Koich e Ryu, no instante dos pedidos, invertem as posições de seus desejos. Talvez entendam que o ideal esteja longe de sua intervenção. Não são apenas suas vontades que moverão seus pais. É preciso algo mais, que ainda não apreenderam. Menos Tany, que vive com a mãe e sonha em tornar-se atriz. O pedido não é “a graça recebida”, é o que a faz mover-se em direção ao que almeja. Kore-Eda muda o eixo da crença para a ação. É uma bela desconstrução. É como se dissesse: mova-se! A viagem torna-se, assim, uma forma de descoberta.
O filme, menos complexo que “Maborosi” (Sobre a crença da garota Yumiko de que a morte prescreve seu caminho, cheio de tragédia) – trata da sociedade japonesa atual. Os personagens, de classe média, configuram o traço comum às sociedades capitalistas. Mães que cuidam sozinhas dos filhos (A mãe de Tany), a fantasia da juventude em ganhar fama (Kenji grava um CD) e a dificuldade de Nozomi em encontrar emprego decente. E os filhos que, na ausência deles, criam seus próprios espaços e fantasias. A aceitação de tal (des) estruturação, como fato dado, ocorre sem questionamento – cada um cuida de si a seu modo.

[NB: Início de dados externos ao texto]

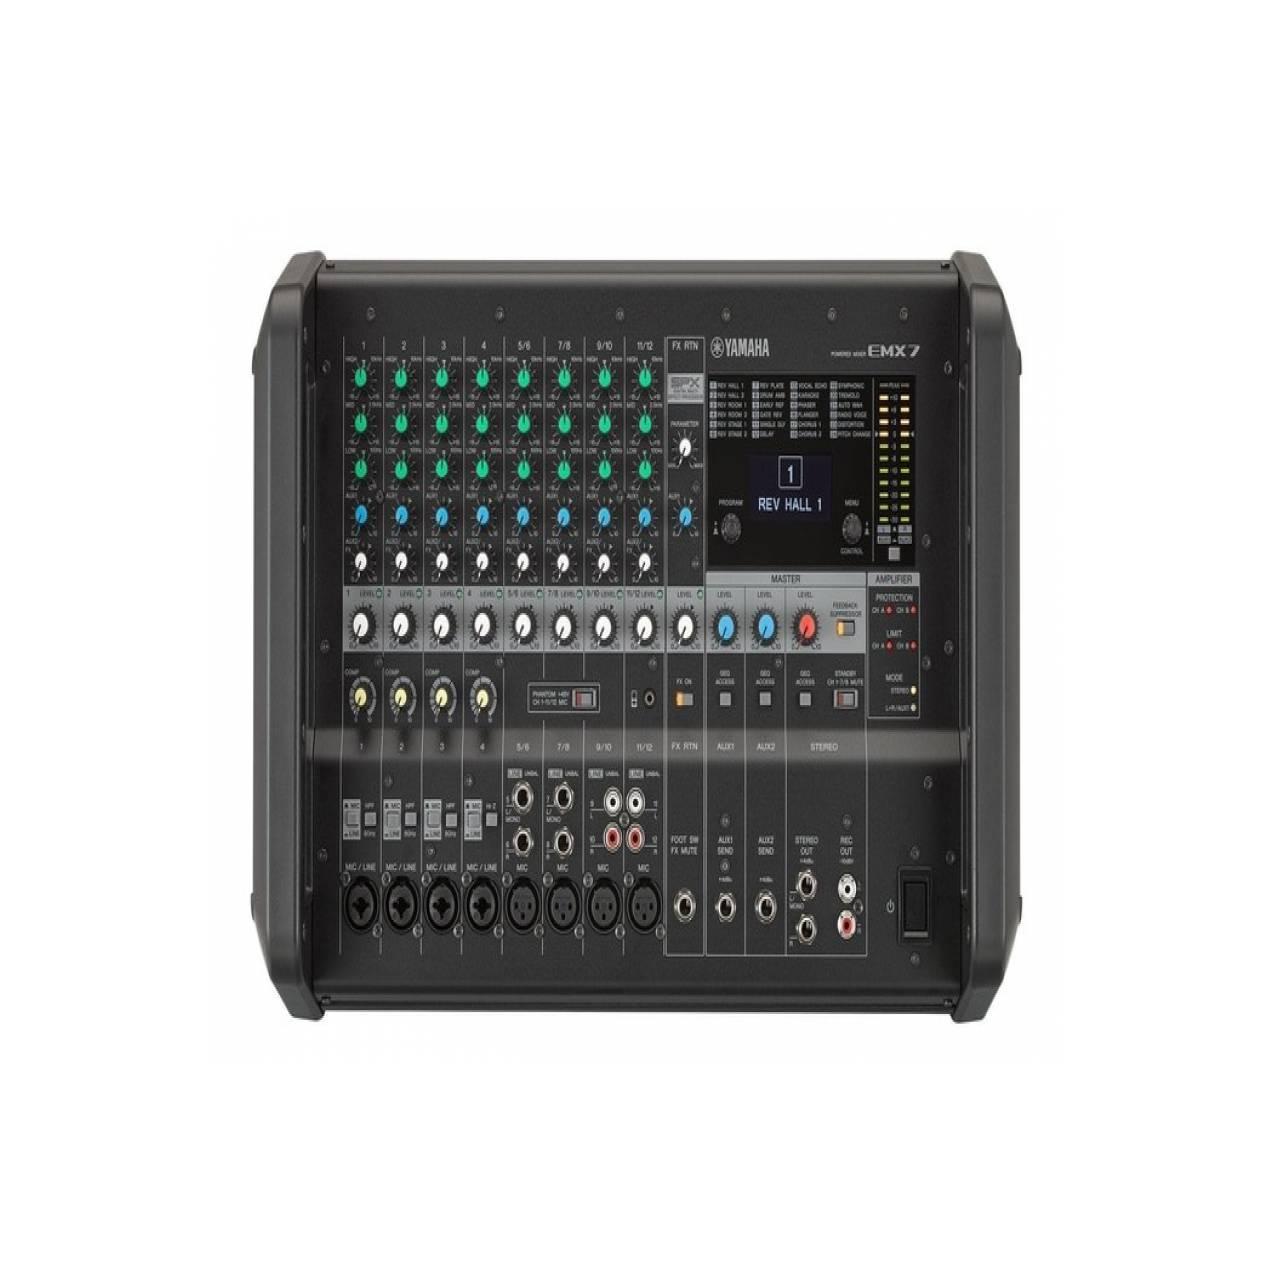 Dusen Berg Power Mixer 12 Channel Pmx 1202d Daftar Harga Terkini Original Yamaha Emx 7

A contraposição a este estado de coisa, mostrando que ela se move, é o comportamento de Tany e dos irmãos Koich e Ryu. Mesmo que se considere a mutação da crença, eles têm a capacidade de transcendê-lo. Transformando-o em ação, caso dela, e mudando seu desejo, caso deles. A capacidade de Kore-Eda de transformá-los em seres reais em meio às citadas contradições torna-os otimistas, pois se trata afinal de descobertas, e estas podem servir de lições para o futuro, ainda que soterre dogmas e crenças.

Ficha técnica:
“O que Eu Mais Desejo” (“Kiseki”).
Drama. Japão, 2011. 128 minutos.
Música: Quruli.
Fotografia: Yamazaki Yotake.
Roteiro/Montagem/Direção: Hirokazu Kore-Eda.
Elenco: Koki Maeda, Ohshirô Maeda, Joe Odagiri, Mene Ohtsura, Kiki Kirin.